The Trentino-Alto Adige/Südtirol provincial elections of 2018 took place on 21 October 2018.

== Trentino ==
In Trentino, the president is elected directly by the people; the candidate who gains the most votes is elected president.

===Parties and candidates===

| Political party or alliance |  | Constituent lists |  | Previous result |  | Candidate |  |
| Votes (%) | Seats |
|  | Centre-left coalition |  | Democratic Party (PD) | 22.1 | 9 | Giorgio Tonini |
|  | Union for Trentino (UpT) | 13.3 | 5 |
|  | Futura 2018 (incl. FdV) | —N/a | —N/a |
|  | Centre-right coalition |  | Trentino Project (PT) | 9.0 | 4 | Maurizio Fugatti |
|  | Lega Trentino (LT) | 6.2 | 1 |
|  | Forza Italia (FI) | 4.4 | – |
|  | Trentino Civic List (CT) | 3.7 | 1 |
|  | Brothers of Italy (FdI) | 1.6 | – |
|  | Fassa Association (Fassa) | 0.8 | – |
|  | Popular Autonomists (AP) | —N/a | —N/a |
|  | Act for Trentino | —N/a | —N/a |
|  | Union of the Centre – People's Centre (UDC–CP) | —N/a | —N/a |
|  | Trentino Tyrolean Autonomist Party (PATT) |  |  | 17.6 | 7 | Ugo Rossi |
|  | Five Star Movement (M5S) |  |  | 5.9 | 1 | Filippo Degasperi |
|  | Left wing coalition |  | Free and Equal (LeU) (incl. Art.1 and SI) | 1.8 | – | Antonella Valer |
|  | The Other Trentino on the Left (incl.

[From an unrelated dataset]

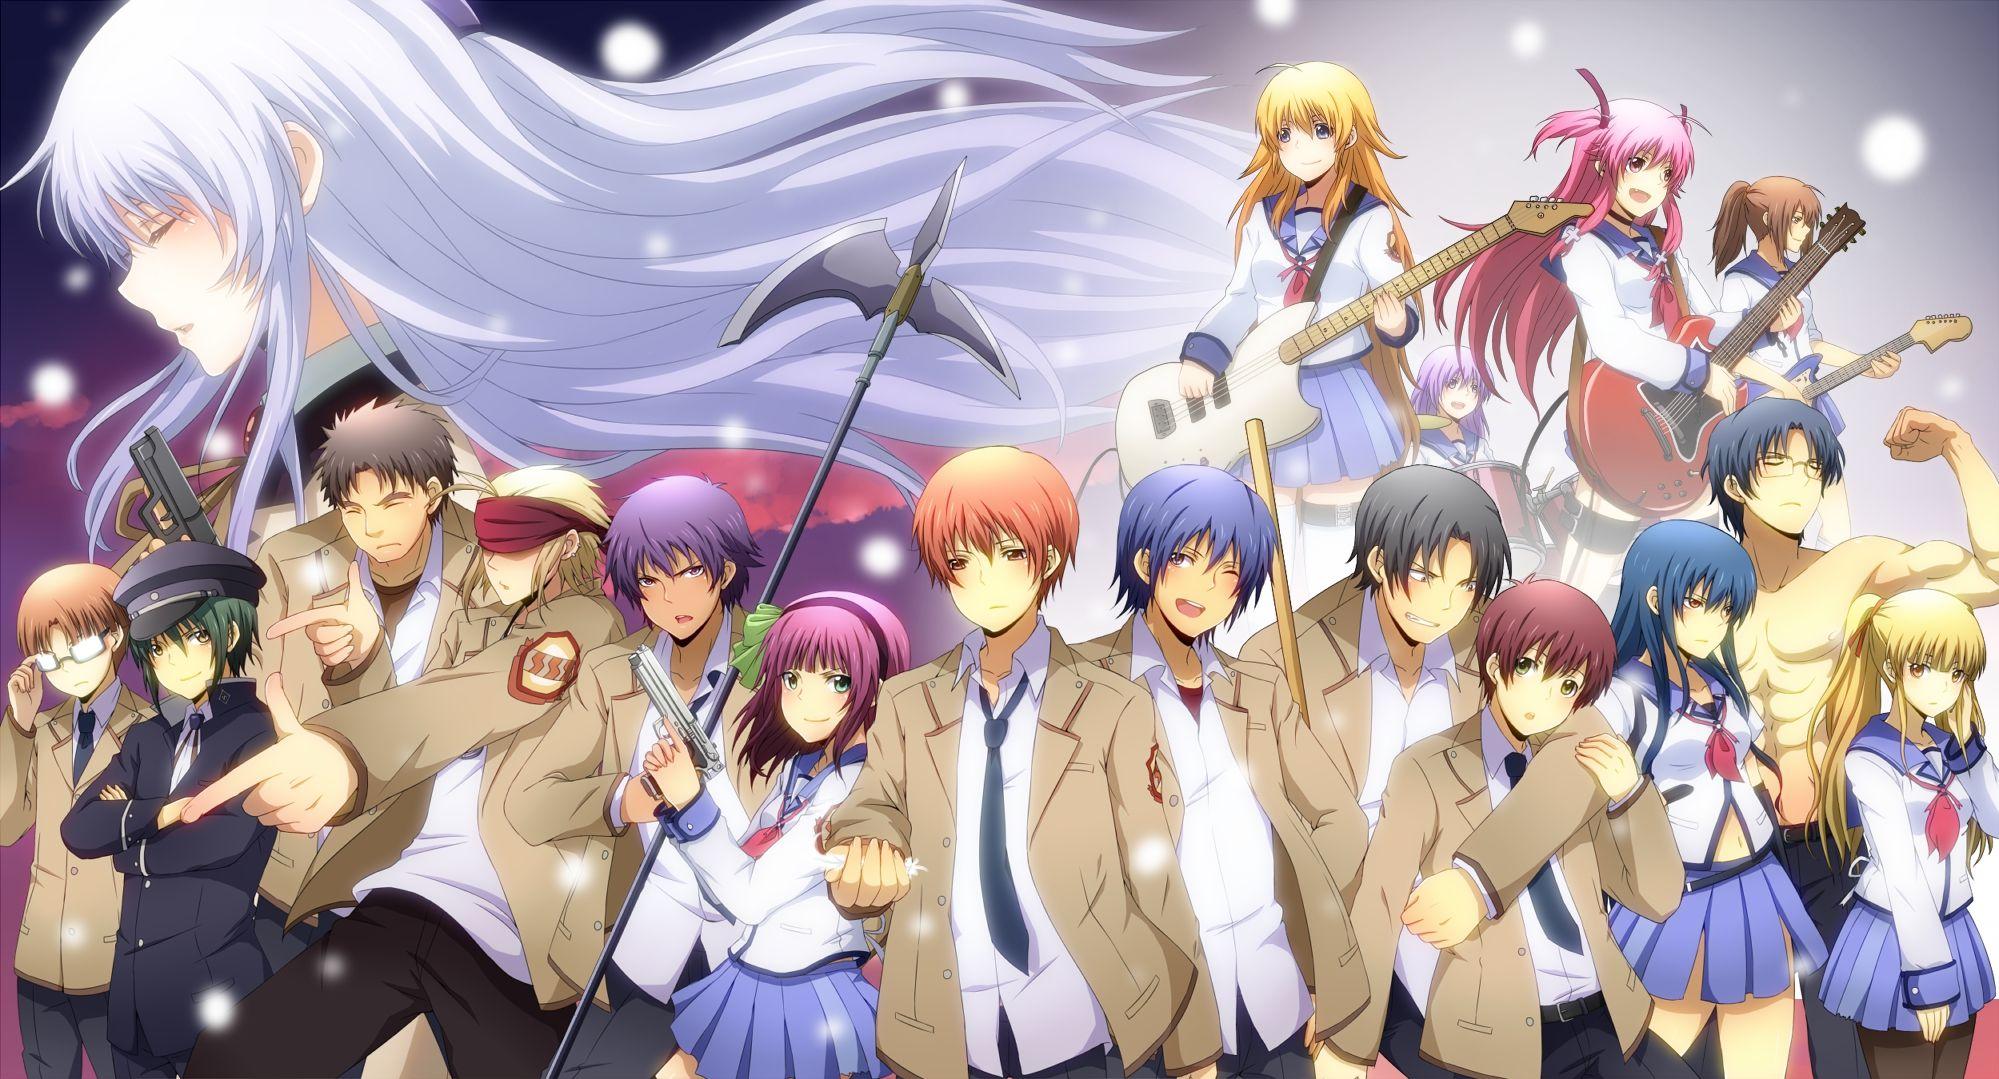 Anime Angel Beats Wallpapers Top Free Anime Angel Beats Backgrounds Wallpaperaccess

PRC and PaP) | 1.2 | – |

===Results===

2018 Trentino provincial election results
| Candidates |  | Votes | % | Seats | Parties |  | Votes | % | Seats | +/− |
|  | Maurizio Fugatti | 124,590 | 46.74 | 1 |
|  | Lega Trentino | 69,116 | 27.09 | 13 | +12 |
|  | Trentino Civic List | 11,777 | 4.62 | 2 | +1 |
|  | Trentino Project | 8,248 | 3.23 | 1 | -3 |
|  | Popular Autonomists | 7,621 | 2.99 | 1 | New |
|  | Forza Italia | 7,204 | 2.82 | 1 | +1 |
|  | Act for Trentino | 5,458 | 2.14 | 1 | New |
|  | UDC – People's Centre | 5,306 | 2.08 | – | – |
|  | Brothers of Italy | 3,686 | 1.44 | – | ±0 |
|  | Fassa Association | 2,490 | 0.98 | 1 | +1 |
| Total |  | 120,906 | 47.39 | 20 | – |
|  | Giorgio Tonini | 67,712 | 25.40 | 1 |
|  | Democratic Party | 35,530 | 13.93 | 4 | -5 |
|  | Futura 2018 | 17,670 | 6.93 | 2 | New |
|  | Union for Trentino | 10,150 | 3.98 | 1 | -4 |
| Total |  | 63,350 | 24.83 | 7 | – |
|  | Ugo Rossi | 33,121 | 12.42 | 1 |  | PATT | 32,109 | 12.59 | 3 | -4 |
|  | Filippo Degasperi | 18,922 | 7.10 | 1 |  | Five Star Movement | 18,437 | 7.23 | 1 | ±0 |
|  | Antonella Valer | 7,099 | 2.66 | – |
|  | Free and Equal | 3,560 | 1.40 | – | New |
|  | The Other Trentino on the Left | 2,101 | 0.82 | – | New |
| Total |  | 5,661 | 2.22 | – | – |
|  | Mauro Ottobre | 5,237 | 1.96 | – |  | Dynamic Autonomy | 5,117 | 2.01 | – | New |
|  | Roberto de Laurentis | 4,015 | 1.51 | – |  | TRE | 3,826 | 1.50 | – | New |
|  | Paolo Primon | 2,384 | 0.89 | – |  | Free People | 2,285 | 0.90 | – | New |
|  | Ferruccio Chenetti | 1,904 | 0.71 | – |  | Movement Ladin Fassa | 1,890 | 0.74 | – | New |
|  | Filippo Castaldini | 1,247 | 0.47 | – |  | CasaPound | 1,215 | 0.48 | – | – |
|  | Federico Monegaglia | 350 | 0.13 | – |  | Reconquer Italy | 341 | 0.13 | – | New |
| Total candidates |  | 266,581 | 100 | 4 | Total parties |  | 255,137 | 100 | 31 | ±0 |
Source: Autonomous Province of Trento

===Analysis===
Similar to the election in Molise and the election in Friuli-Venezia Giulia, the M5S lost c. 15% of votes compared to the general election. On March 4, they reached almost 25%, but now just over 7%. By contrast, the centre-right coalition gained more than 10% compared to March 4.

== South Tyrol ==
In South Tyrol, all 35 members of the Provincial council (Landtag) are up for re-election. The council elects a government headed by a president (Landeshauptmann).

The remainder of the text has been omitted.